Climbing Mount Aristotle
A Report on the Ascent in Progress
Yesterday morning I wrapped up a 48-hour writing sprint in which, after several weeks of concentrated research and reflection, I composed chapter four (on love and friendship) of my forthcoming book on Aristotle’s conception of human fulfillment. As if that weren’t enough, this morning I began work in earnest on my translation of Aristotle’s Eudemian Ethics. At the same time that dear friends of mine are striding boldly into humanity’s agentic future, I am taking an inward turn, cultivating my own contemplative counterculture, and delving ever more deeply into a thinker who lived almost 2500 years ago, using only my own mind, a few shelves of physical books, and for the translation pencil, paper, a large Greek dictionary, and a small statue of Aristotle (gifted by a friend), with whom I can confer when I hit an impasse.
You might wonder: why in the world am I climbing this mountain?
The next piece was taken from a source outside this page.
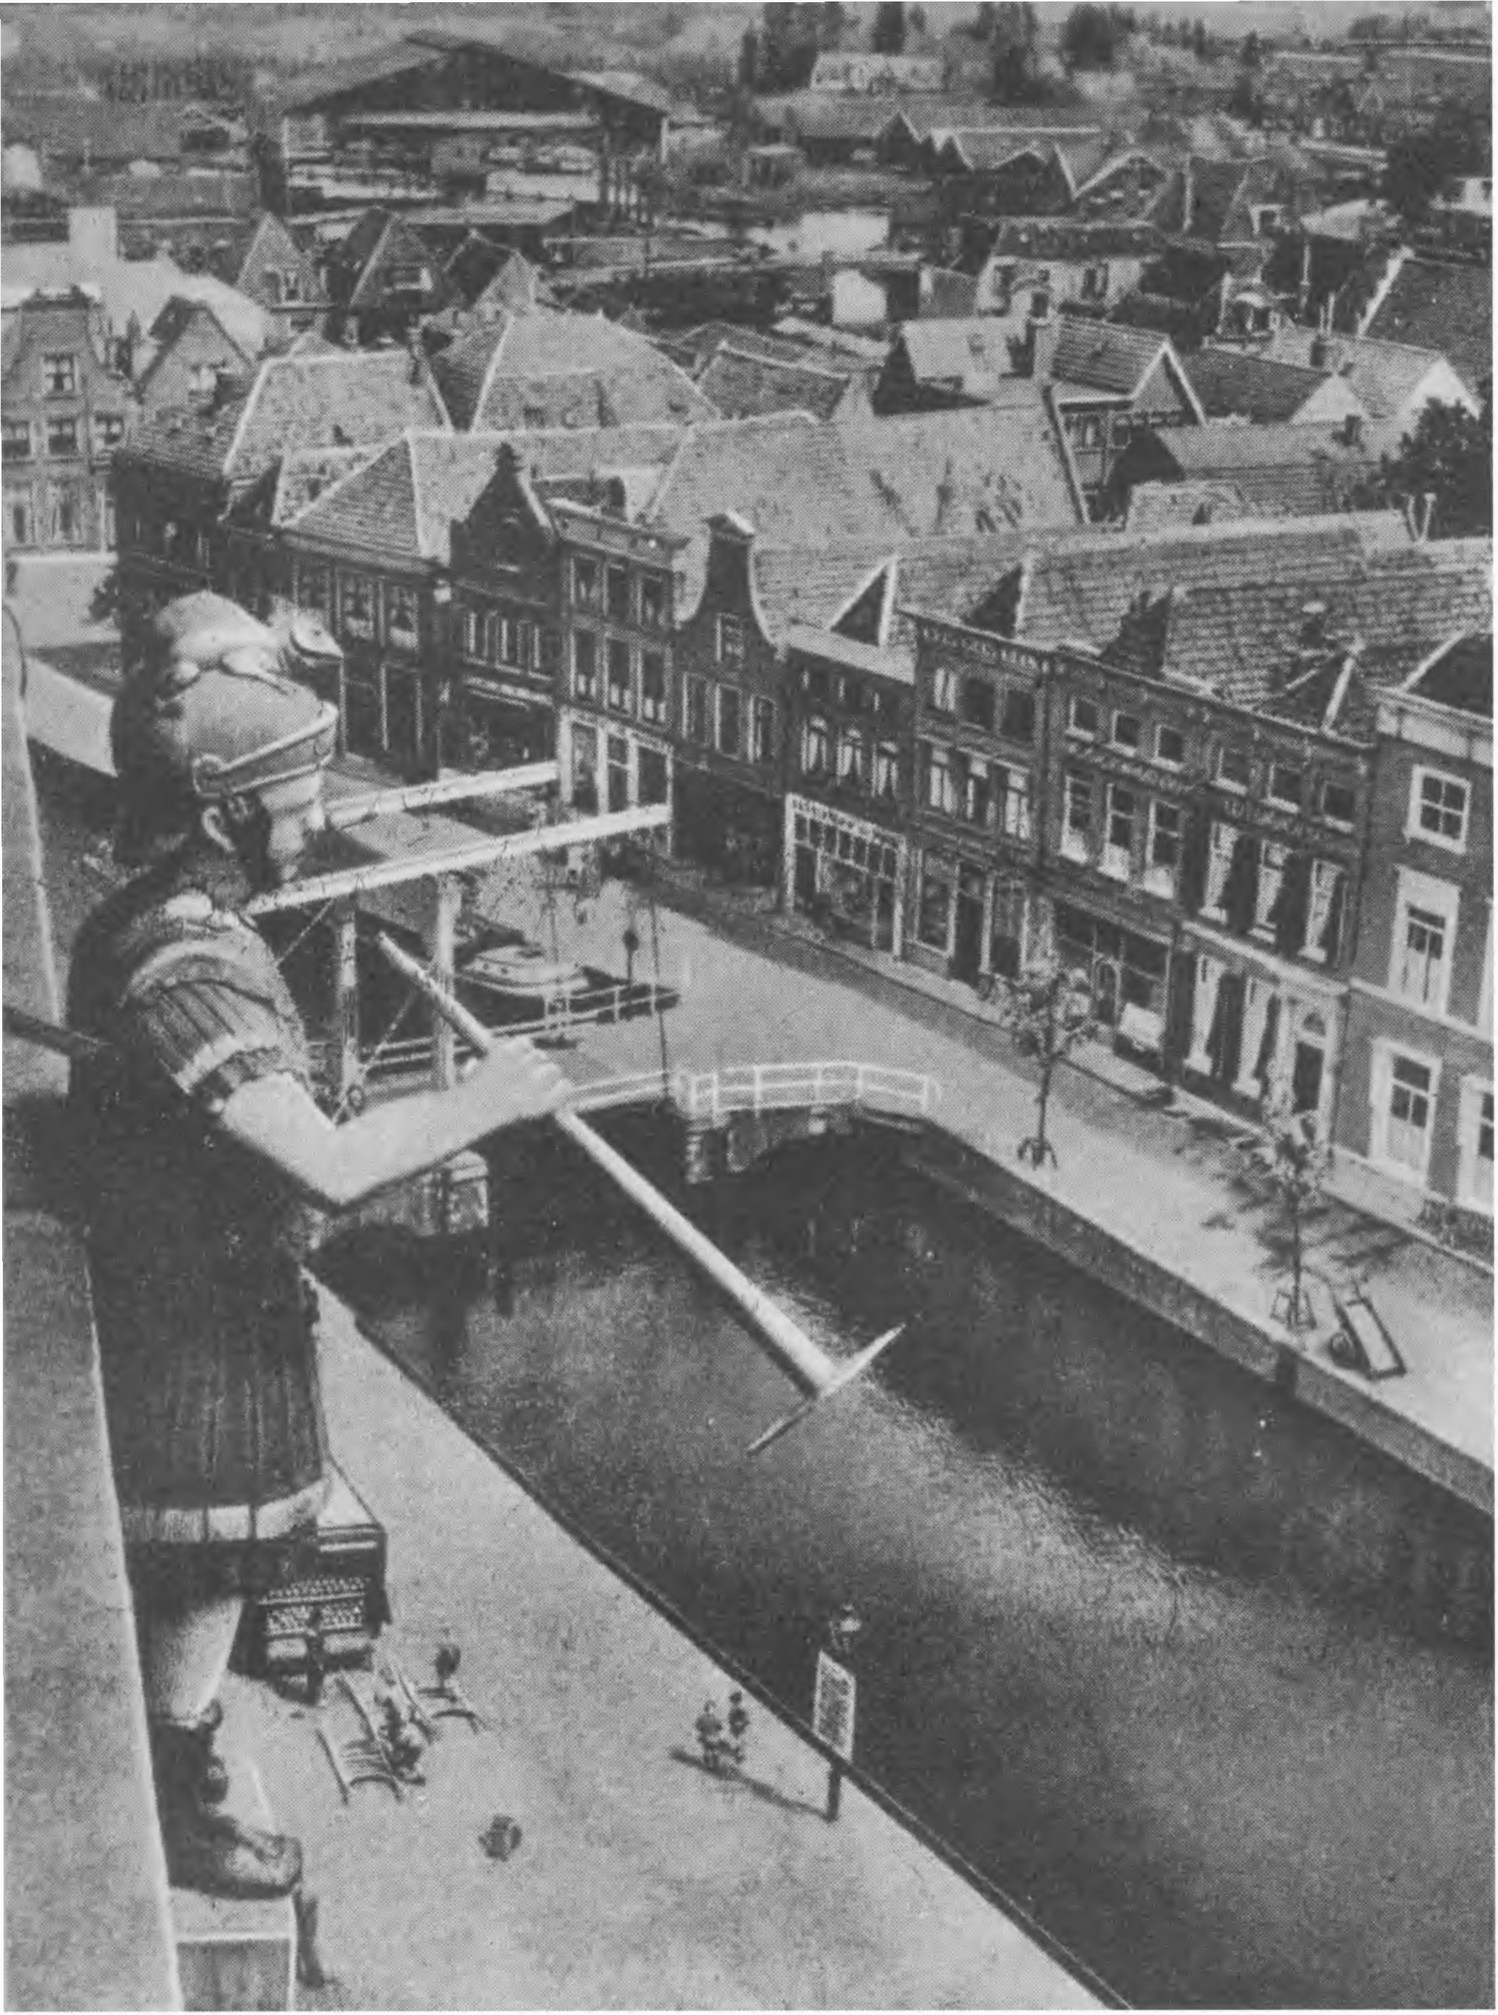 Тесно прижавшиеся друг к другу узкие каменные дома, каналы, мосты — таков Алкмар, типичный древний город Голландии

I could say “because it’s there”, but that’d be a lazy non-answer. Kant is there too, but I’m not writing a book about his ethical philosophy or translating his Critique of Practical Reason.
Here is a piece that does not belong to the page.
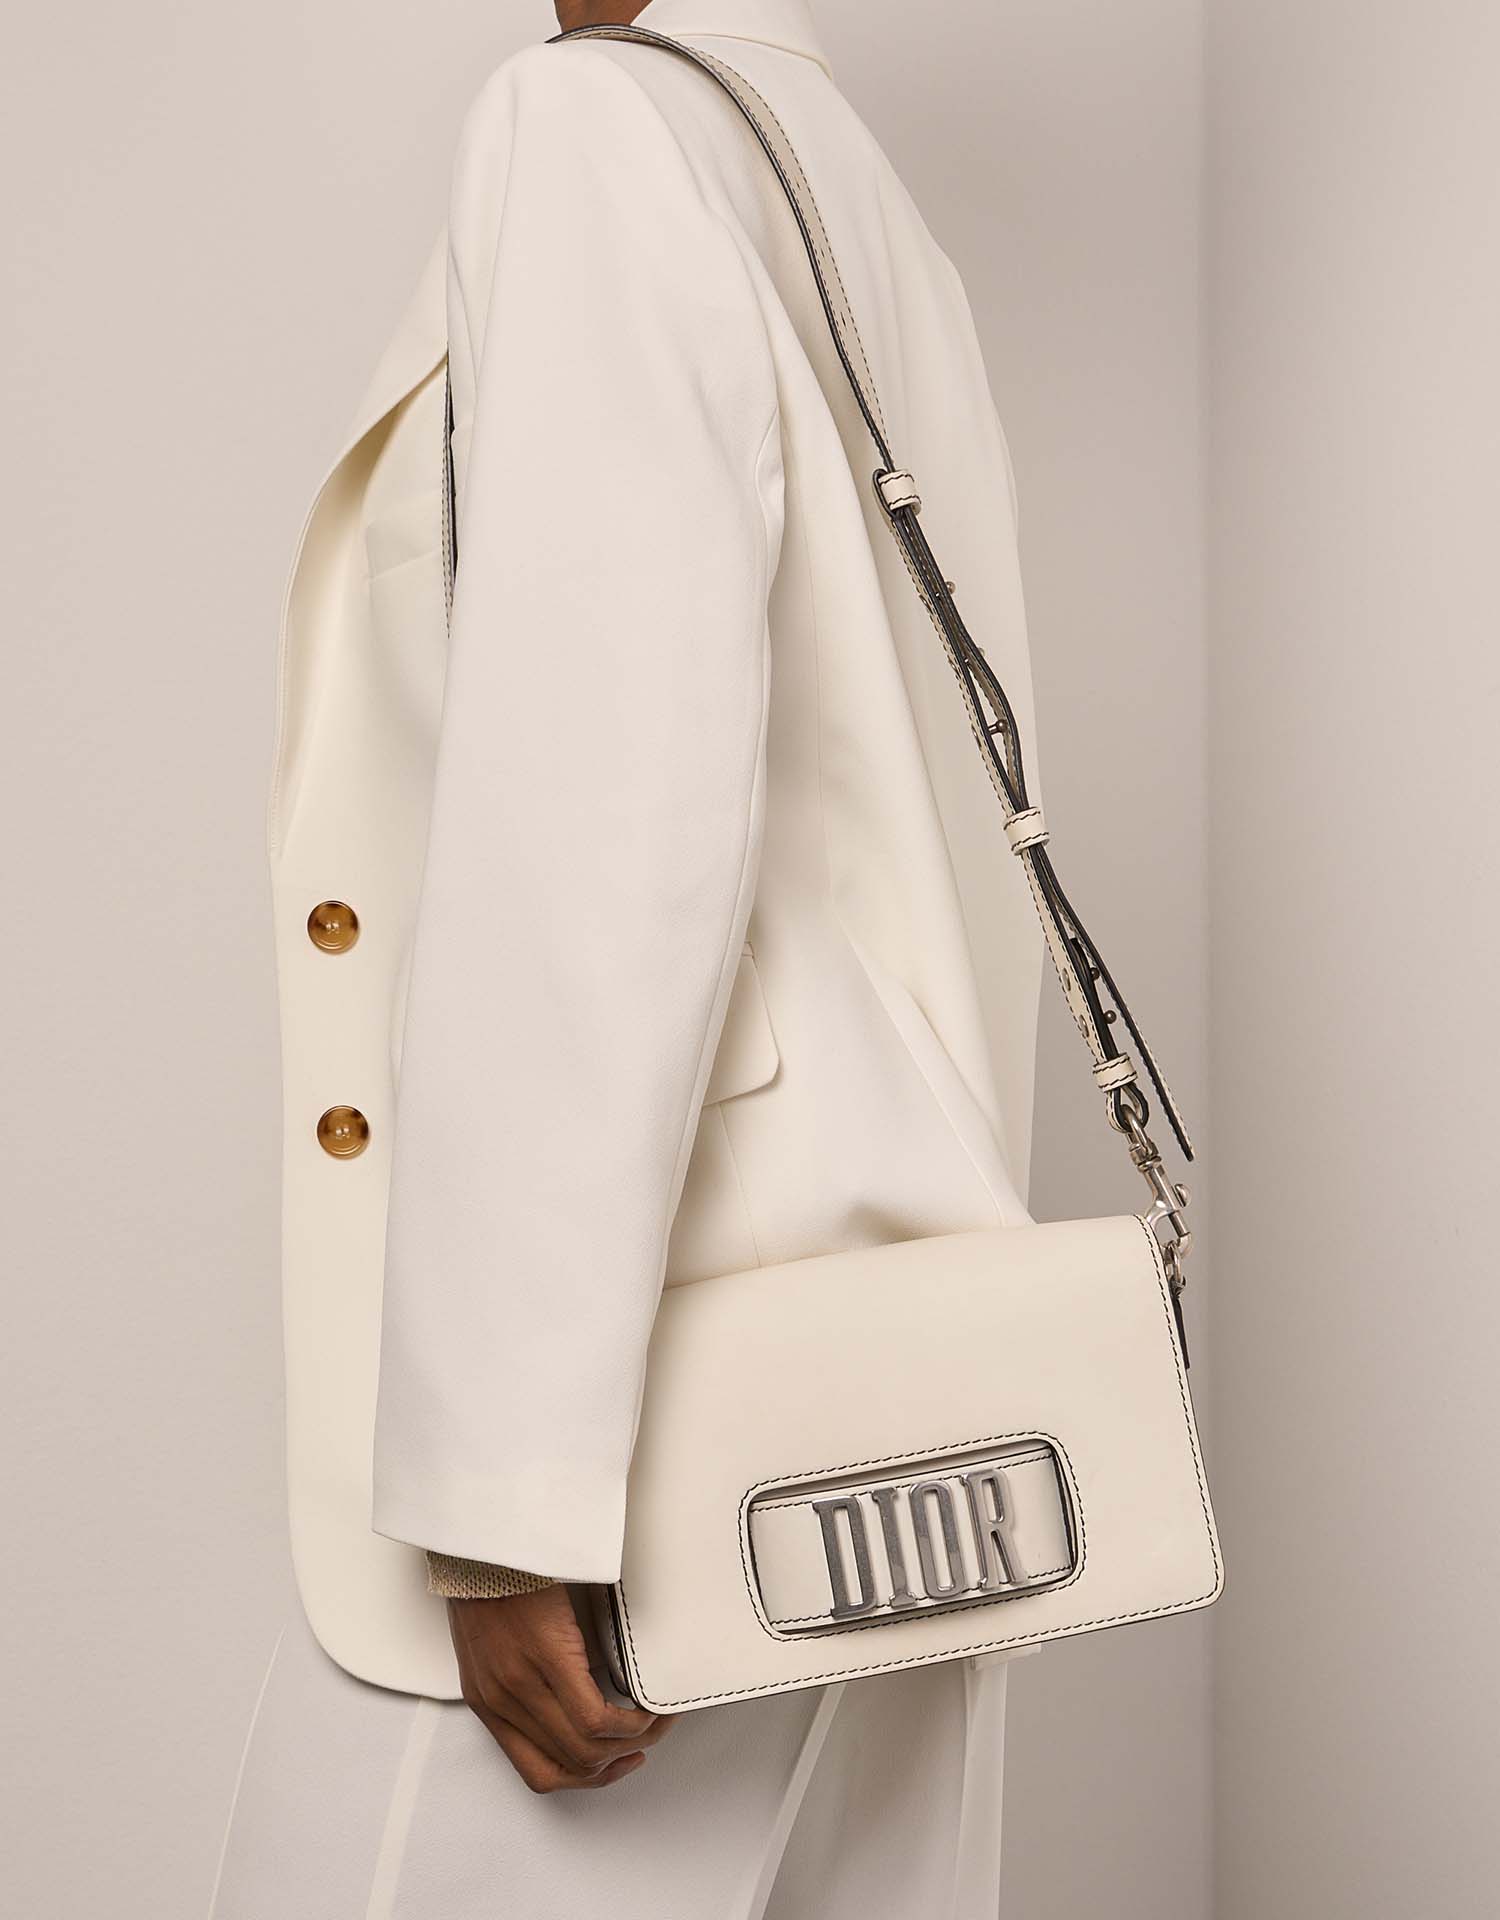 Sac Dior d'occasion Dio(r)evolution Veau Blanc Blanc Modèle | Vendez votre sac de créateur sur Saclab.com

I freely admit that, ever since I had a crisis of faith at the age of nine, I’ve been somewhat obsessed with becoming an ever wiser person. Over the years that obsession has manifested itself as a yearning to thoroughly encounter and learn from a few great thinkers who strike me as especially sagacious about the human condition and human potential. Some of those thinkers are not really accessible to me because I don’t know the language in which they wrote (e.g., Lao Tzu). Some thinkers whom other people consider to be great don’t resonate with me for one reason or another (e.g., Augustine, Sartre). Some thinkers intrigue me but don’t spark enough passion to justify a full encounter (e.g., Spinoza). Some thinkers are aligned with many of my own ideas but, I feel, lack the kind of surpassing profundity that is required for true sagacity (e.g., Eric Hoffer, Abraham Maslow). And so on. But if I were to create a Venn diagram of alignment, accessibility, profundity, and perhaps a few other properties, one thinker would land right in the middle: Aristotle.
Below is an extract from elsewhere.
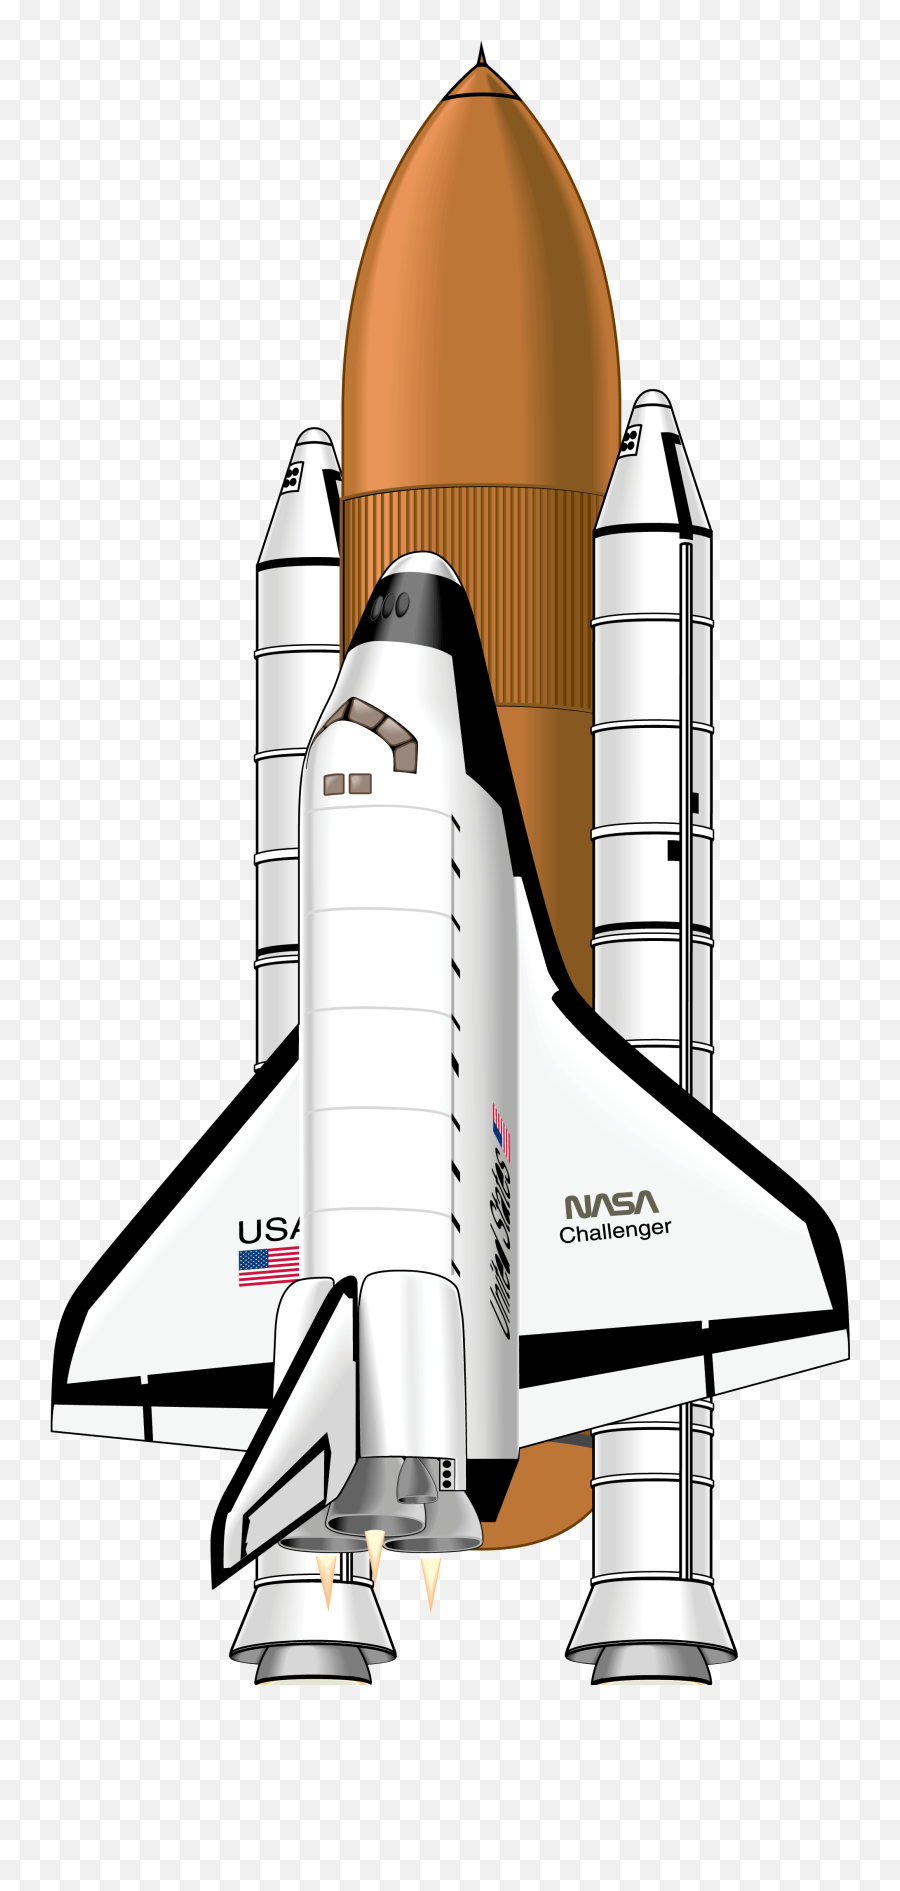 Shuttle - Rocket Ship Png Nasa,Space Shuttle Png

That’s not to say Aristotle got everything right (whatever that might mean) or that I agree with him about everything (after all, agreement is overrated). It is to say that his writings have endlessly repaid the admittedly significant investment I’ve made in reading them (and now translating one of his thornier works from Greek into English); in particular, I’ve found that reflecting on his insights and applying his methods of thinking in my own life have been immensely generative of whatever wisdom and sagacity I’ve been able to attain.
So here I am, still climbing Mount Aristotle. As I approach the summit, the trail grows fainter, the terrain grows steeper, and the air grows thinner. Thus I expect that the last two chapters of my book will emerge more slowly (perhaps much more slowly) than the first four. The writing itself is straightforward because words come easily to me once I figure out what I want to say, but the process of research and reflection is intense.